Wednesday, January 23, 2008

A Little Too Quick There, Huh?

I just read an AFP News Service story about the death of an 81-year-old man in Chile. Well, he was 81 and from Chili, but apparently he wasn’t so dead. His family found him and thought he was dead so they called a funeral home and commenced the grieving. The story says that he woke up at his own wake. Actually, that’s kind of funny. I mean what better time to wake up then at a wake. You wouldn’t expect anyone to wake up at a sleepover, right?

If I was the old man, that is when I would hop out of the coffin and start asking my family probing questions (well that and lamenting that fact that I grew old so quickly that I can no longer play basketball or do the Macarena). Asking them why they were in such a hurry to bury me that they didn’t notice I was STILL BREATHING comes to mind. That question would be followed shortly thereafter with one for the funeral home operators. Nothing serious, just wanting to know where they earned their license and stuff like that. Yes, the license that helps them tell the difference between dead people and living people BEFORE they are sealed in a coffin and buried at least six feet under for all of time.

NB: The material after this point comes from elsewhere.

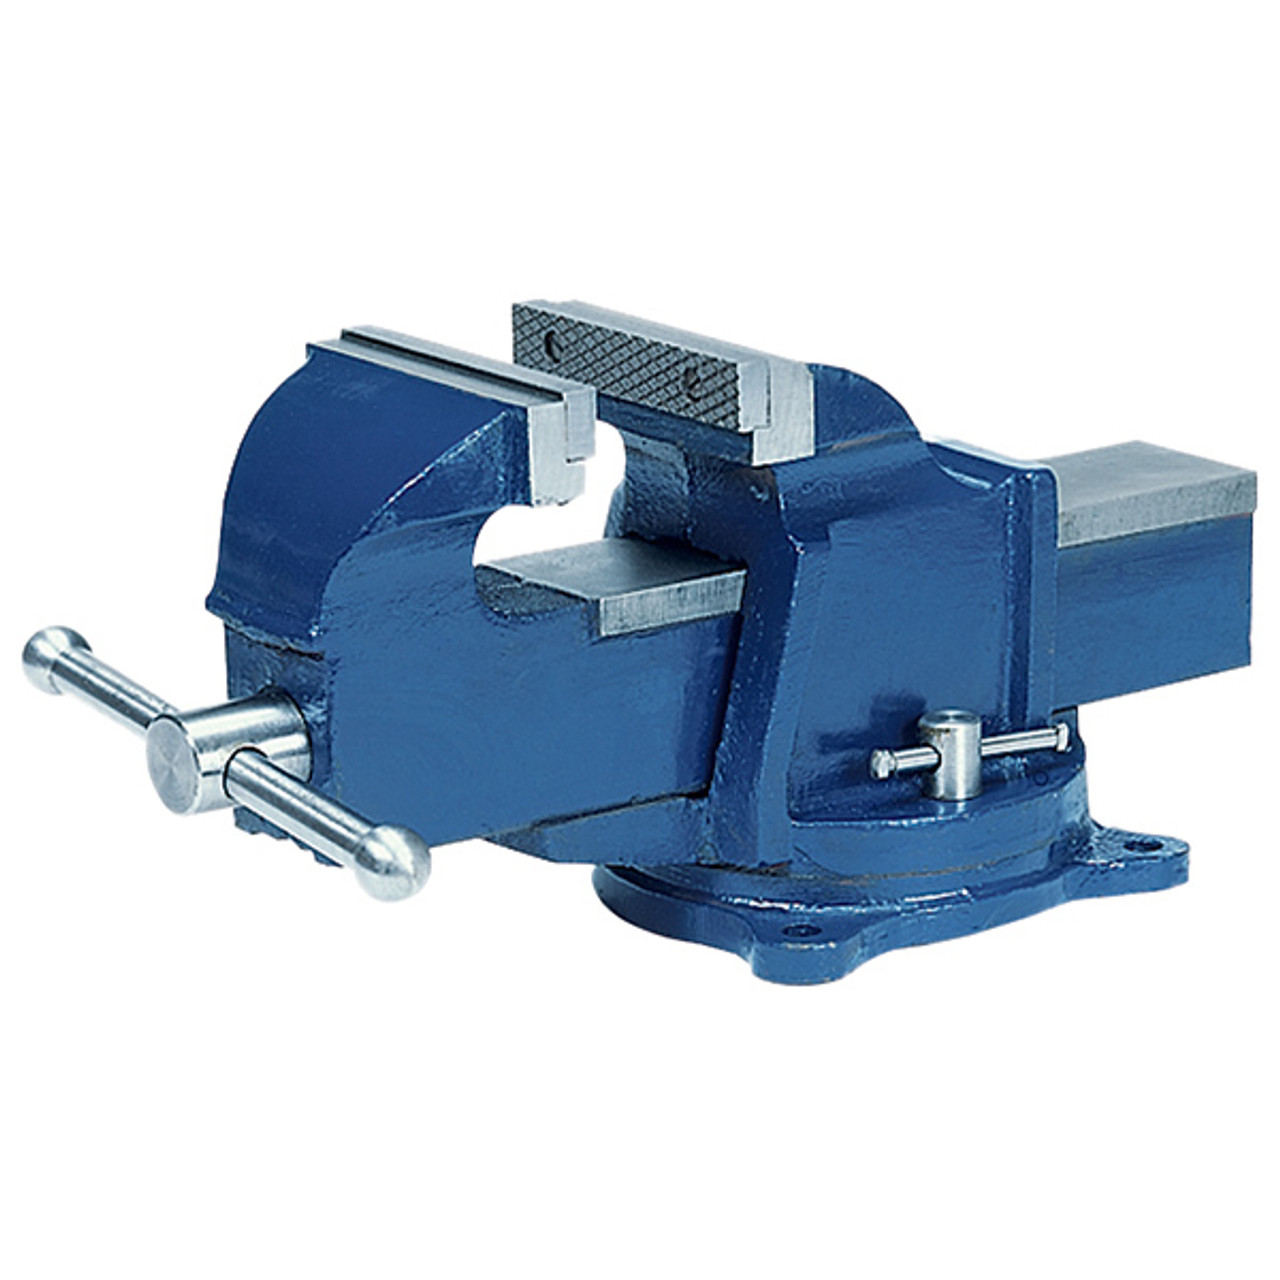 61-207-104      4" INDUSTRIAL QUALITYSWIVEL BASE BENCH VISE
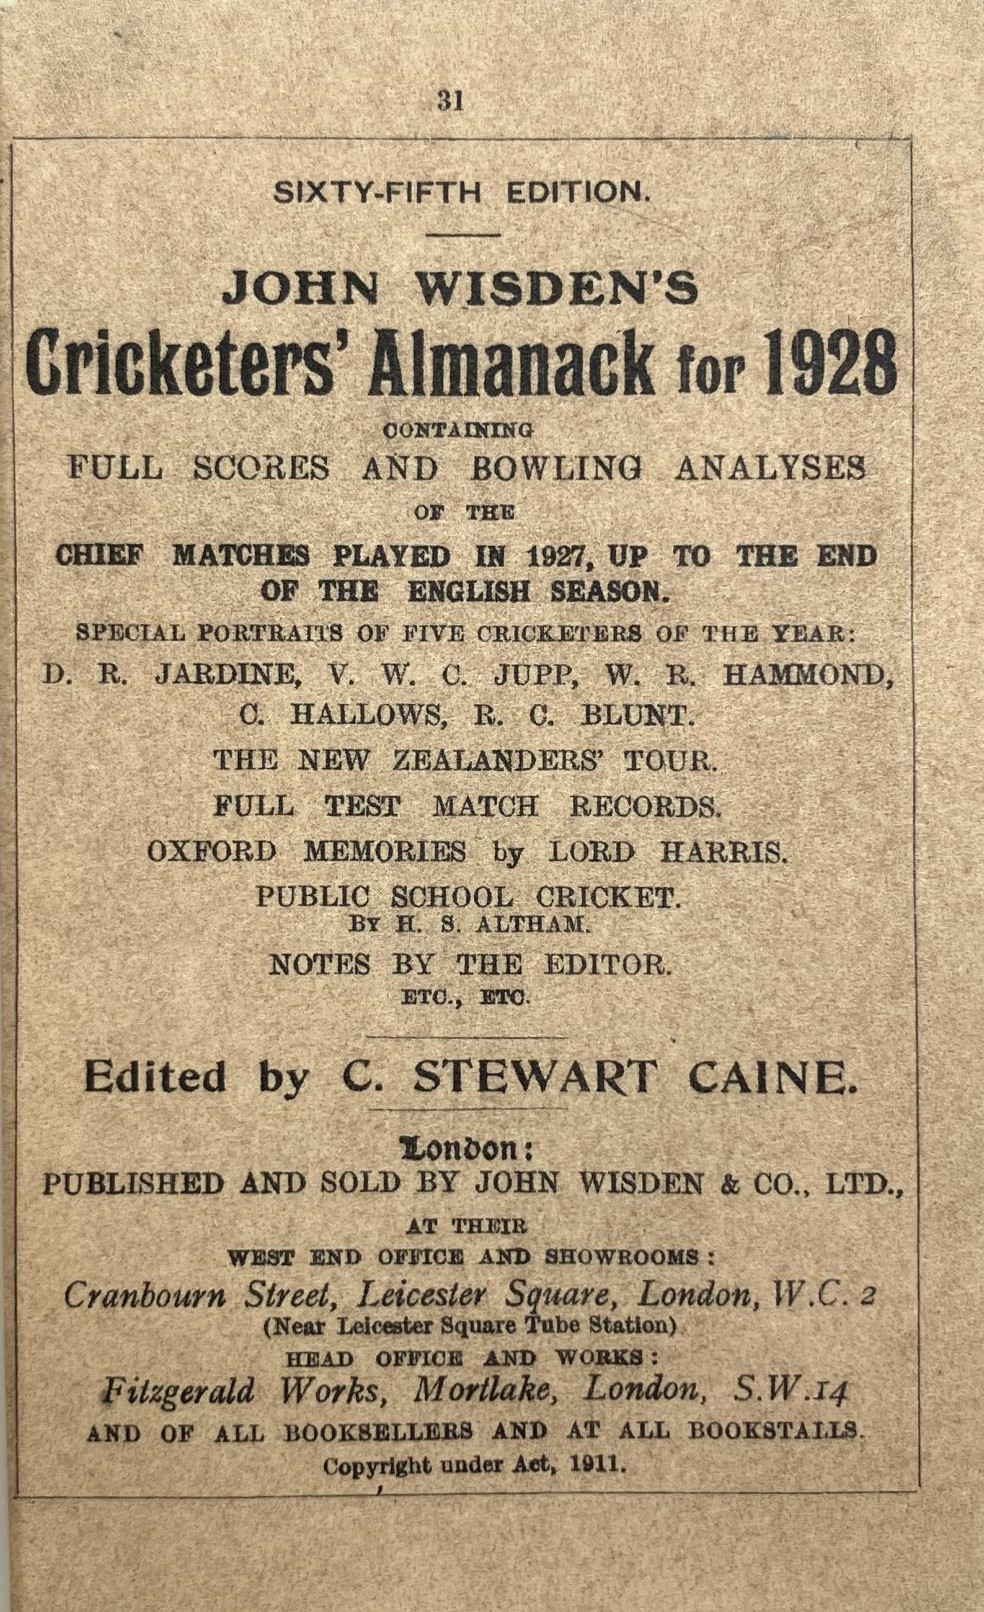 A Wisden Cricketers' Almanack, 1928 Provenance:  From the Harry Brewer Cricket Memorabilia - Image 3 of 4

That has got to create some awkward moments between him and his family. How can you look them in the eye at Thanksgiving (wait, do Chileans celebrate Thanksgiving?) and not wonder just how disappointed they were that you aren’t dead. You know, since they TRIED TO BURY YOU ALIVE and all. If you are a member of the family, do you just walk around apologizing to him all the time? ‘Sorry Dad, you know that we REALLY DID think you were dead.’ ‘It’s just that you were sooooo still and let’s face it; you’re no spring chicken.’ Did the family members have to fake awe and shock (yes not using the more familiar shock and awe was intentional) that the guy was still living as he awakened in his coffin? Was Uncle Wally heard mumbling something like ‘I knew this would happen, we should’ve suffocated him first?’

I suppose there is another side to this. Maybe, just maybe Mr. Death Almost Came A-Knockin’ wanted to be perceived as dead. Let’s say he accidentally sat up in his coffin believing that the wake or funeral was already over and he was just trying to hop out before the burial, because if he tried to climb out after the burial, the whole faking death thing would be a very moot point. Perhaps he was in a bad marriage, annoyed by his kids or just forgot to return a library book back in 1947. What if he was running from a bookie he owed money to for wrongly picking that Julio Castroneves would be the runner up on the most recent ‘Dancing With The Stars?’ Or possibly he was almost driven insane by his grandchildren’s constant singing of the High School Musical 2 Soundtrack.

If any of these scenarios are true (and we all know they aren’t, but let’s just pretend for fun) then I bet he’s a whole lot of fun to be around right now. While his family laughs in relief that they didn’t bury their relative alive at the big Memorial Day BBQ (do they have a Memorial Day in Chile? Boy, I better brush up on my Chilean holidays!), does he just grumble and say ‘and I would have gotten away with it if it weren’t for you meddlin’ kids.’ And now that he’s still alive, he can’t get access to all the money he stashed away in a foreign bank account under an assumed name. It’s almost enough to make him want to fake his own death, but he can’t because he already tried, and failed.

I’m not sure if I will ever get to travel to Chile, but if I do, I certainly hope I don’t get ill there. Or take a nap anywhere that I can be found. When I fake my death, it’s all planned for me to be in the Caribbean. Oh wait, I’ve shared too much. Now it won’t be seen as an excused absence by my employer. Dang it!!!!

8 comments:

Valerie said...

I am loving this:

"and let’s face it; you’re no spring chicken"

AndreAnna said...

At least it was ina place where they don't embalm you before your wake - that would have been a suck-ass way to wake up.

FRIGGA said...

Yea, I read that story, I just couldn't imagine what the hell his family was thinking. Of course my will would be seriously altered after that!

Happy Wednesday :-)

Natalie said...

Being buried alive is my biggest fear. If I was that dude everyone would be written out of the will.

Patti said...

Such a loving family. I hope they are all written out of the will.

chefmom said...

I have no words....only stomach hurting laughter! Uncle Wally's comment is killer!!! I have to say, you've out done yourself on this one.....

meleah rebeccah said...

"You know, since they TRIED TO BURY YOU ALIVE and all"


Dood. Thats one of my biggest fears in.the.world.

Of course the way you wrote this makes it hilarious.

but still? Gah...

CS said...

If this happened to me, I'd spend the rest of whatever life I had left imaging what if I'd woen up just after they'd covered my coffin with all the dirt. Yeesh.